認知症
主な神経疾患診療の解説
■疾患名
認知症
■概要
「認知機能」という言葉は記憶、計算、時間や場所の認識、注意、言語機能、眼で見た情報の処理、理解、判断能力など幅広い能力を含んでいます。認知症とは、「一度正常に発達した認知機能が障害され社会生活に支障を来している状態」を指します。あくまで認知症は疾病(病気)であり、加齢に伴って出現する生理的な(病気ではない)もの忘れとは異なるものです。
■症状
以下のような症状があった時には年齢相当のもの忘れではない病的な認知症を疑う場合がありますので受診を御検討ください。
- ものをどこに置いたか分からなくなり見つけてもそこに置いた記憶がない。
- 約束事や仕事の予定を忘れてトラブルになることが増えてきた。
- お薬の管理が急に不規則になり飲んだり飲まなかったりが増えた。
- 最近のニュースが全く挙げられない。
- いないはずの動物や人、子供が見える(それらが実際にいるのかいないのかを巡って家族と見解が食い違う)。
- 怒りやすさが増したり感情の起伏が目立つようになった。
- 単語の意味が分からなかったり、発語が減ったりしている。
■診断
認知機能を評価するための詳細な心理検査のほか、血液検査、頭部MRI(または不可能な場合にはCT)検査、脳血流SPECT検査、脳波検査などを組み合わせて診断を進めて参ります。初診の後にこれらの検査を行い、概ね2回目の受診の際にその段階での診断と治療方針を決定していきます。
■各疾患ごとの症状と治療
- アルツハイマー病:アミロイドとタウ蛋白と呼ばれる特殊な蛋白が脳に蓄積することにより神経細胞が障害され、本来の老化よりも早く神経細胞が減ってしまい進行性に認知機能が低下する疾患で認知症の原因として最も患者さんの多い疾患です。細胞が減り始めた当初は無症状ですが、次第にもの忘れの症状が出てきて(この段階を軽度認知機能障害と呼びます)、後に社会生活に支障を来した段階になるとアルツハイマー型認知症(認知症段階)に至ります。40歳代以降広い範囲の年齢で発症しますが、65歳以上で多くなります。とはいえもの忘れのある高齢の方皆様がアルツハイマー病というわけではありません。昔のことはよく憶えているのに新しい情報が憶えられない、同じことを何度も聞き返す、などの症状が出た場合に疑われます。進行期には強い不安から「財布を盗まれた」などの「物とられ妄想」や意欲の低下など精神症状(BPSD)を伴うこともあります。早期より診断し、必要に応じてドネペジル、ガランタミン、メマンチン、リバスチグミンなどの薬物療法と併せて認知症ならではの患者様への接し方を検討することでご家族様との良い関係を維持しBPSD出現を予防するための診療が効果を奏します。
図1.アミロイドイメージングによる検査結果
アルツハイマー病患者さんではアミロイド(赤い部分)が脳内に蓄積している。 - 脳血管性認知症:脳梗塞や脳出血の後遺症として起こる認知機能低下のほか、高血圧症のコントロールが不良なことなどによる脳の微小血管の損傷などで起こります。症状は脳の損傷部位によっても異なりますが、高血圧症をベースとした脳の微小血管損傷などの場合には怒りやすさなどの性格変化を来すことも多く、そうした症状の薬物的コントロールが必要になる場合もあります。

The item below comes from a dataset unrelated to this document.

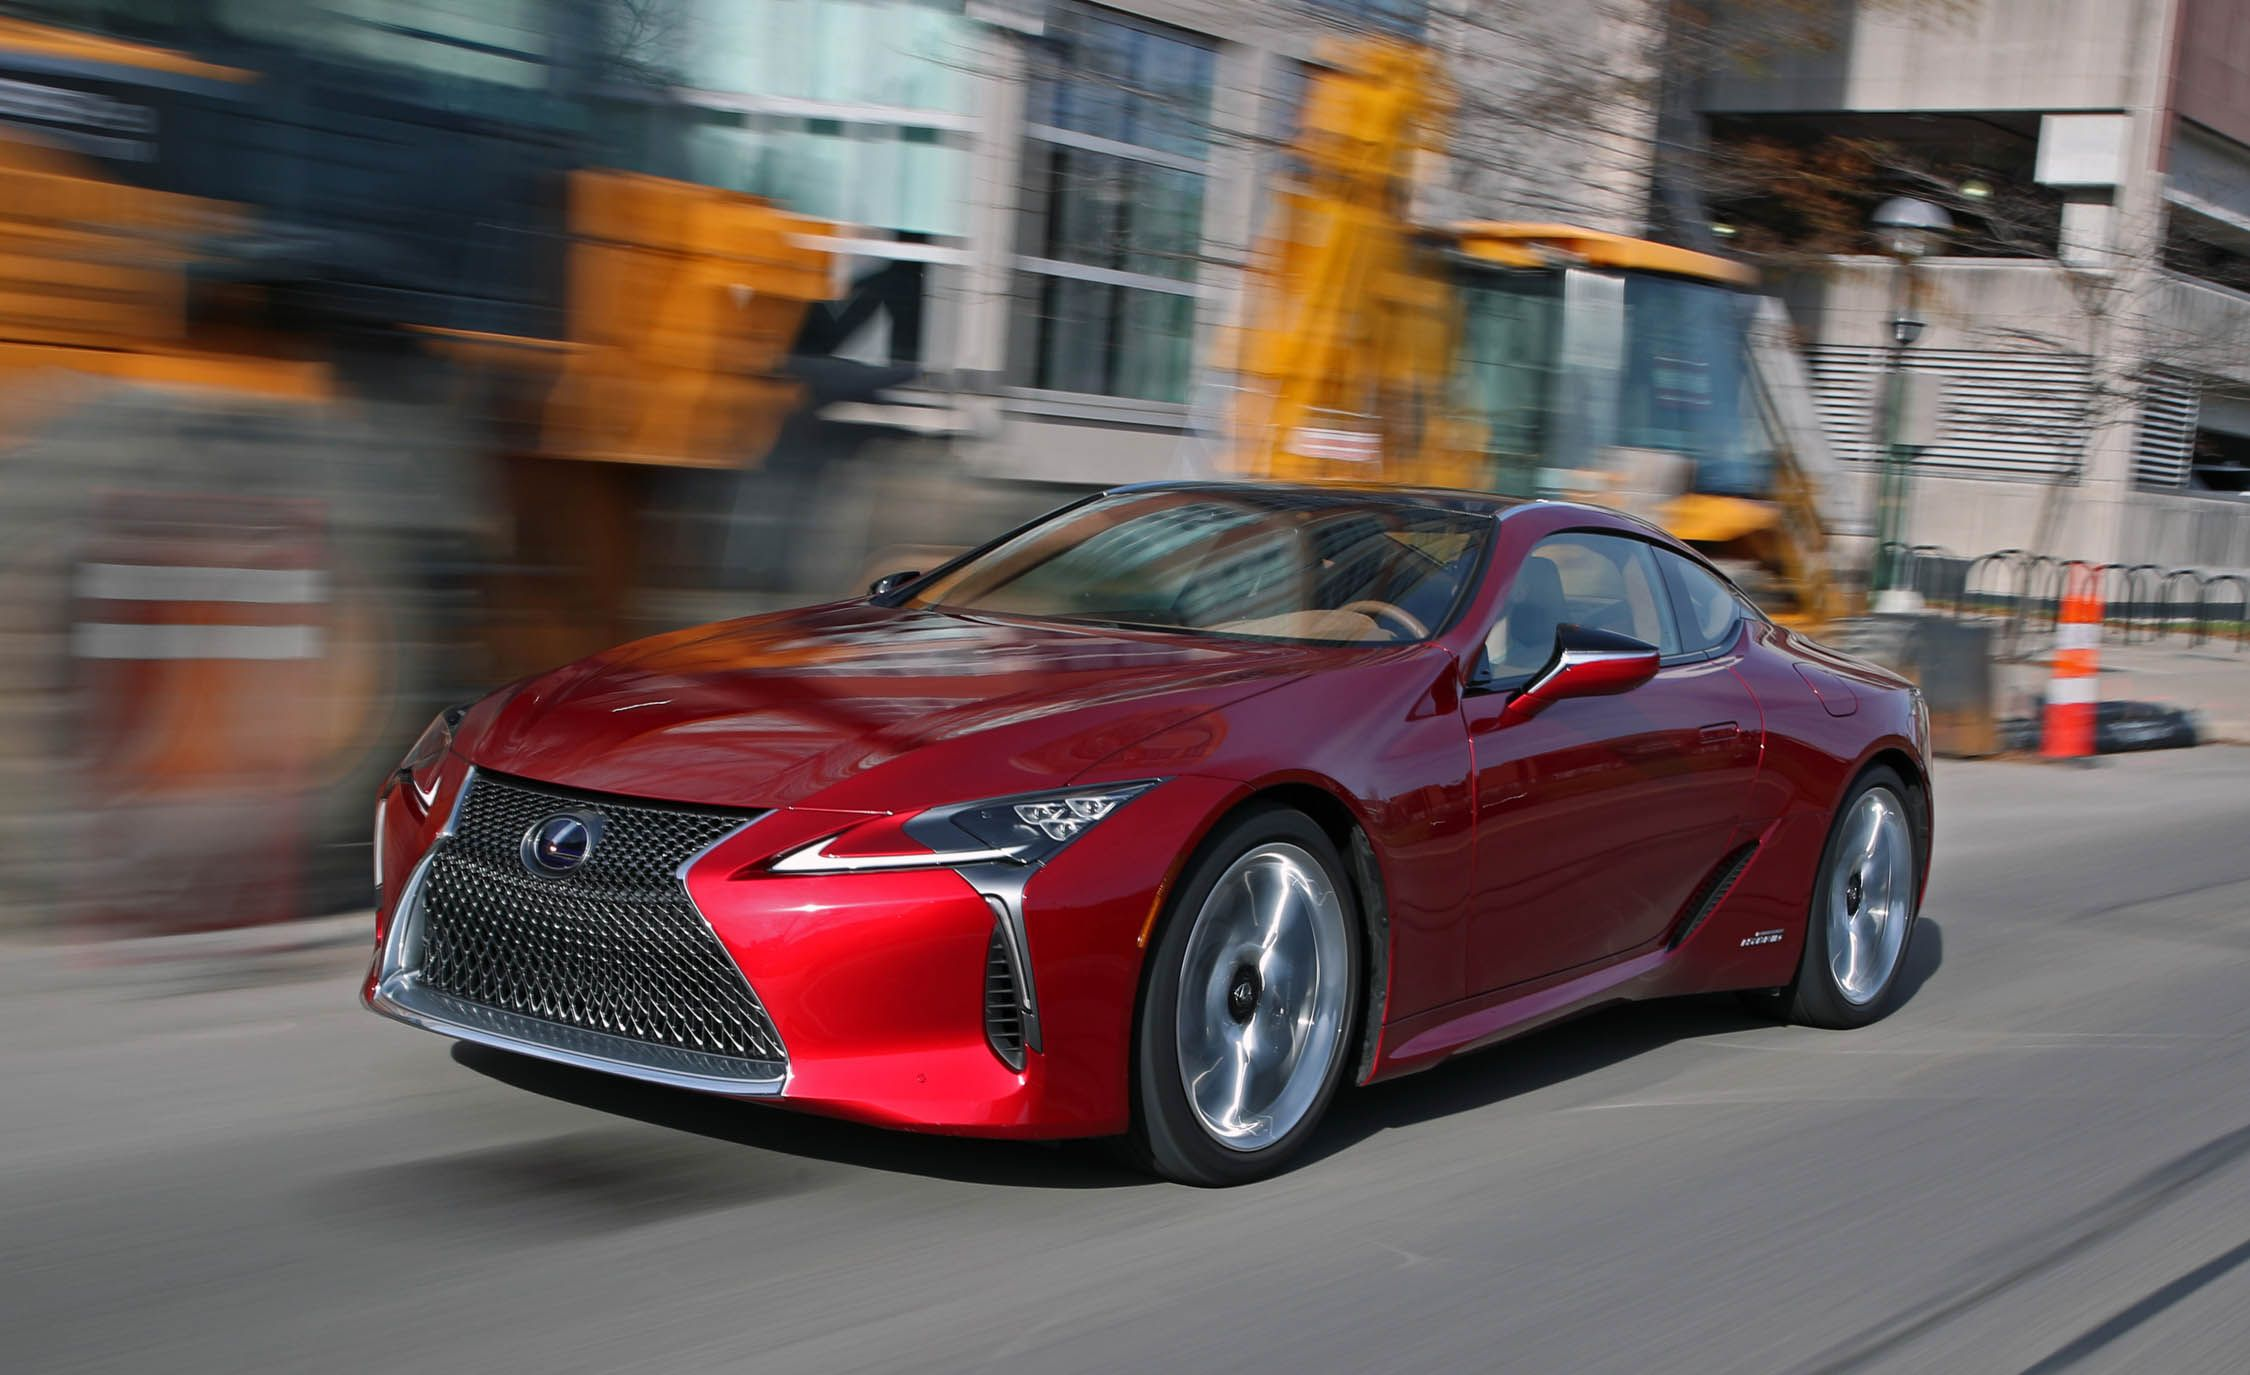 2018 Lexus LC500h Hybrid Test Review

- レビー小体型認知症:脳にα-シヌクレインという蛋白が蓄積し、小さい子供や動物の幻視(幻覚)、寝ている間に夢の内容が行動化される/大声を出すなどの「レム睡眠行動障害」、調子のよいときと悪い時で大きく変動する認知機能などを特徴とします。また手足の動きが鈍くなり転びやすくなる、表情が乏しくなるなどパーキンソン病と共通した症状を呈することも多く、認知機能や幻覚のコントロールとパーキンソン病様症状の双方のバランスを考えた薬物治療が必要となります。

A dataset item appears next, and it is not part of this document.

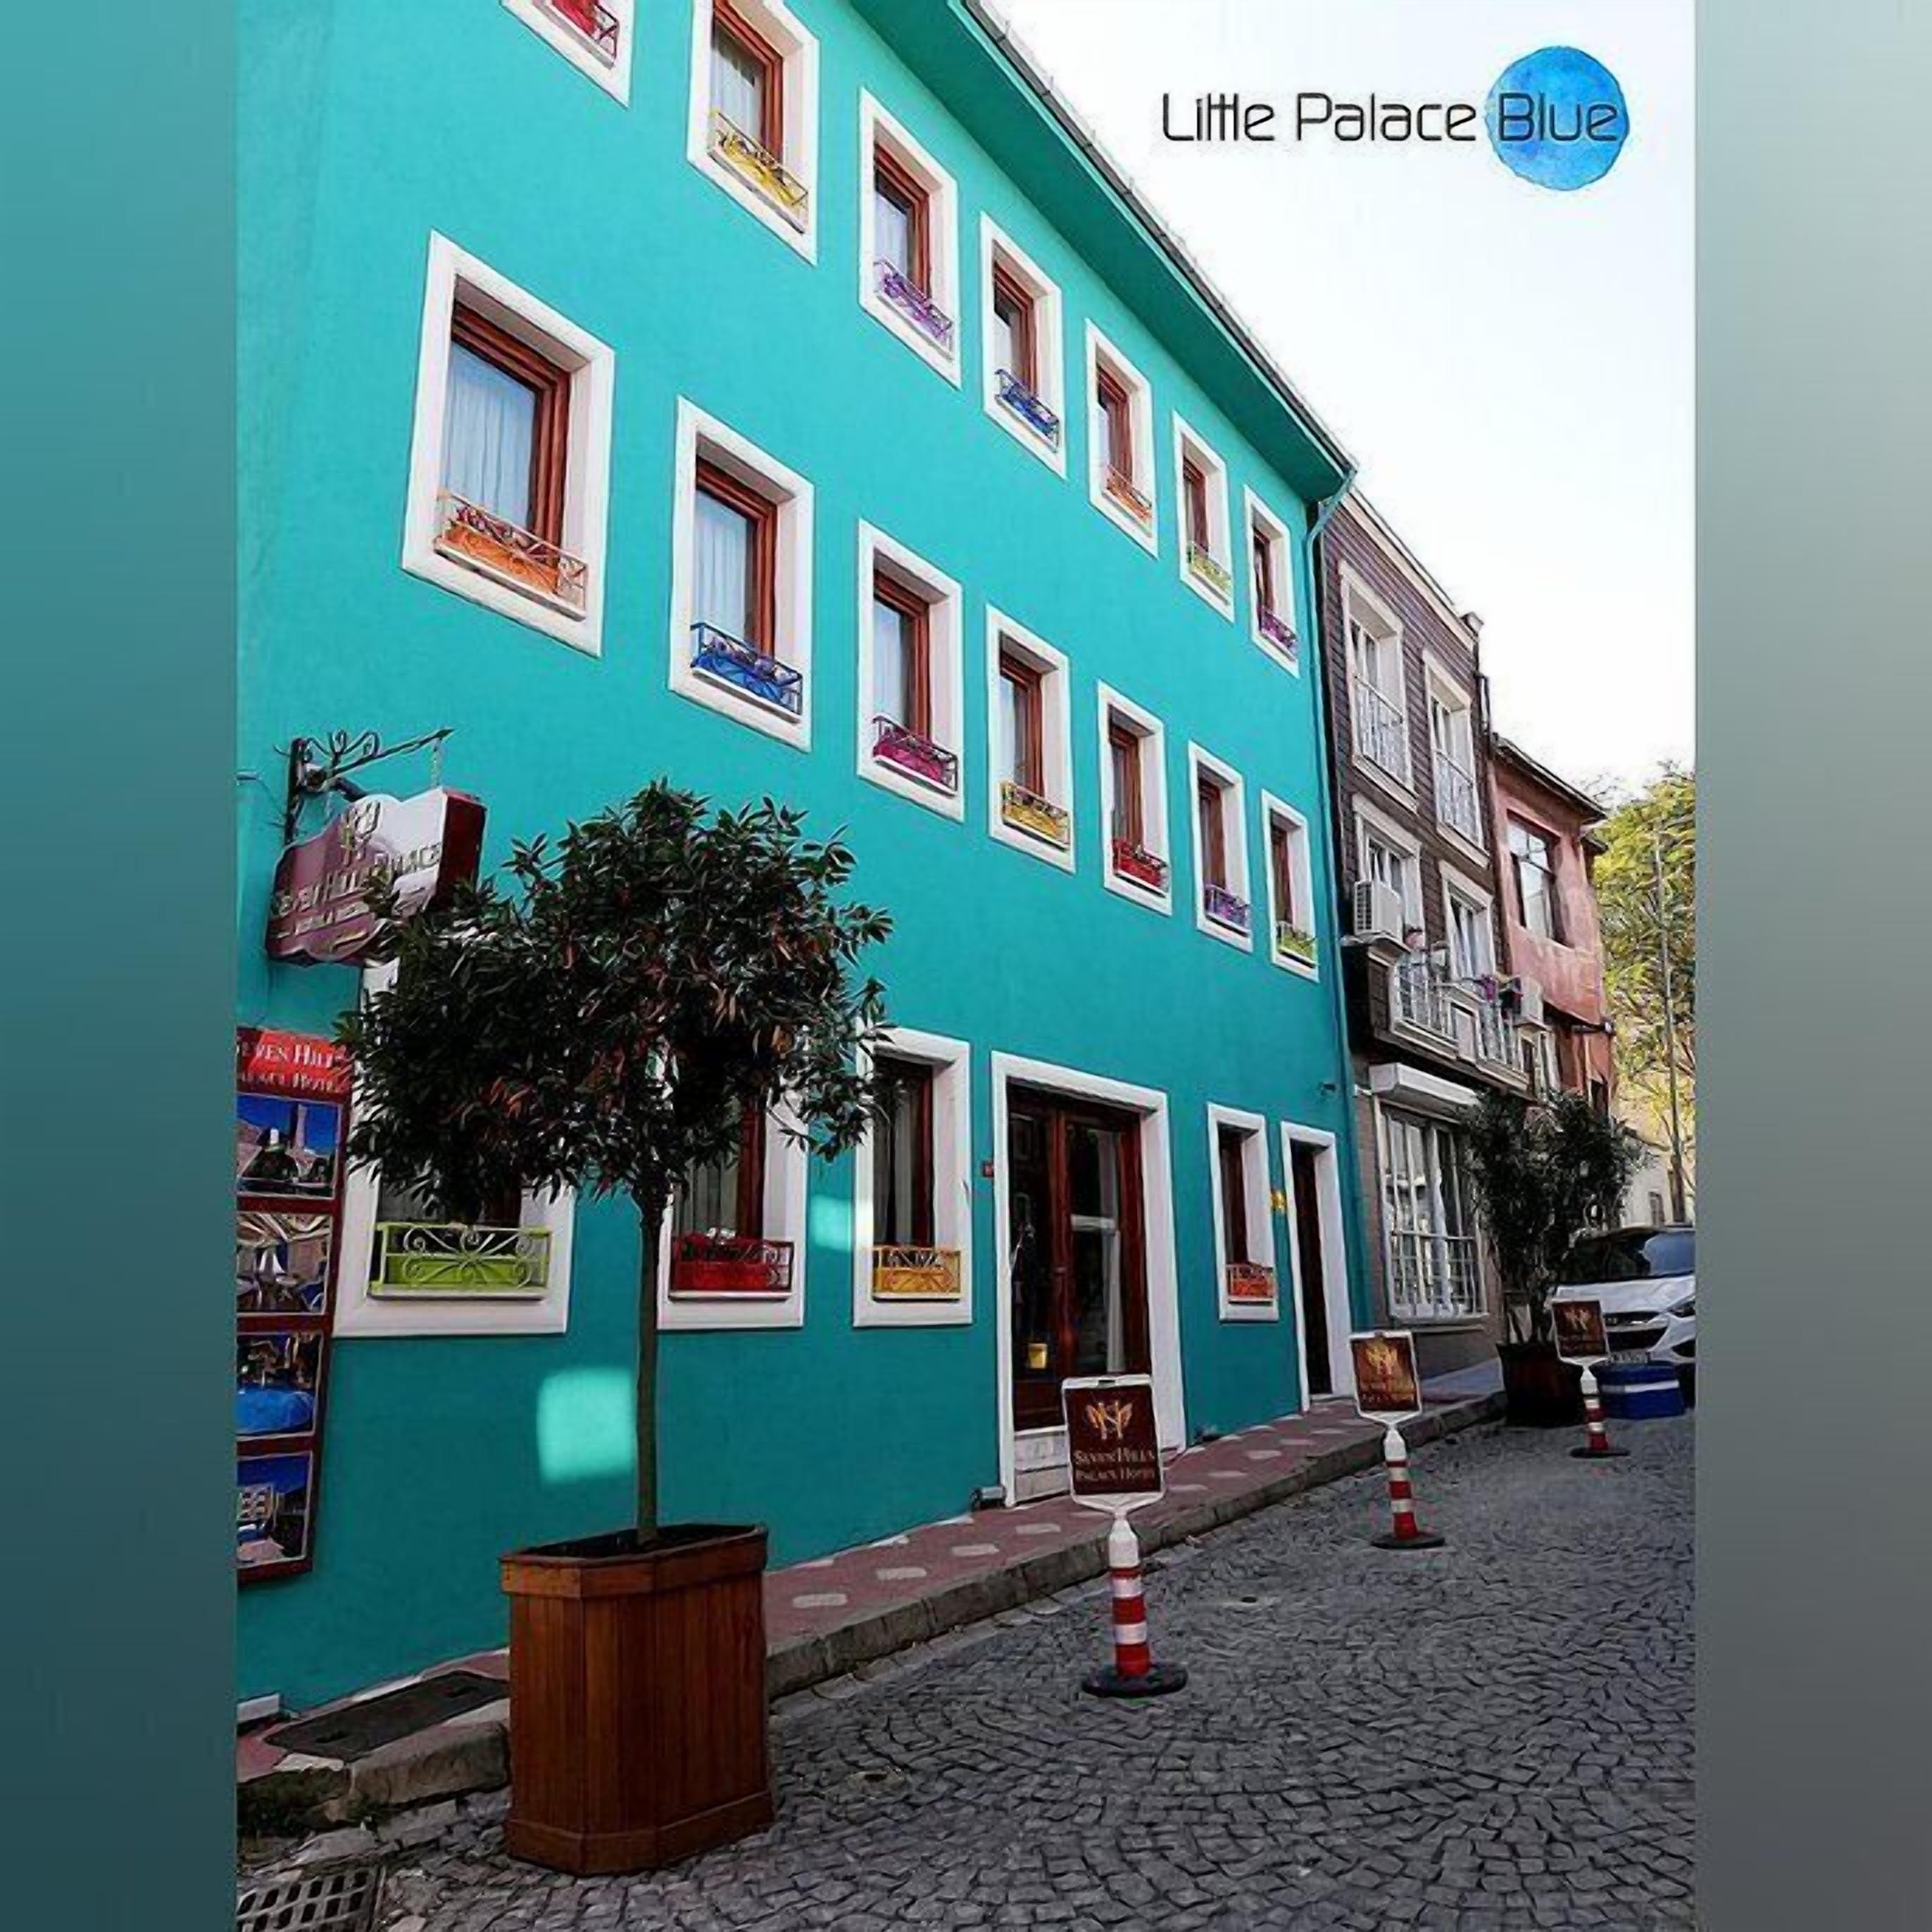 Little Palace Blue

これらの他、前頭側頭葉変性症、神経原線維変化型老年期認知症、嗜銀顆粒性認知症などの特殊な蛋白が蓄積する神経内科疾患、正常圧水頭症のような手術で治療する脳神経外科疾患、神経感染症、甲状腺機能異常やうつ病など他疾患など区別すべきものが数多くあります。神経内科と精神科が協力して開設しているメモリークリニックではこれらの診断を含む認知症の総合的な診療を行っております。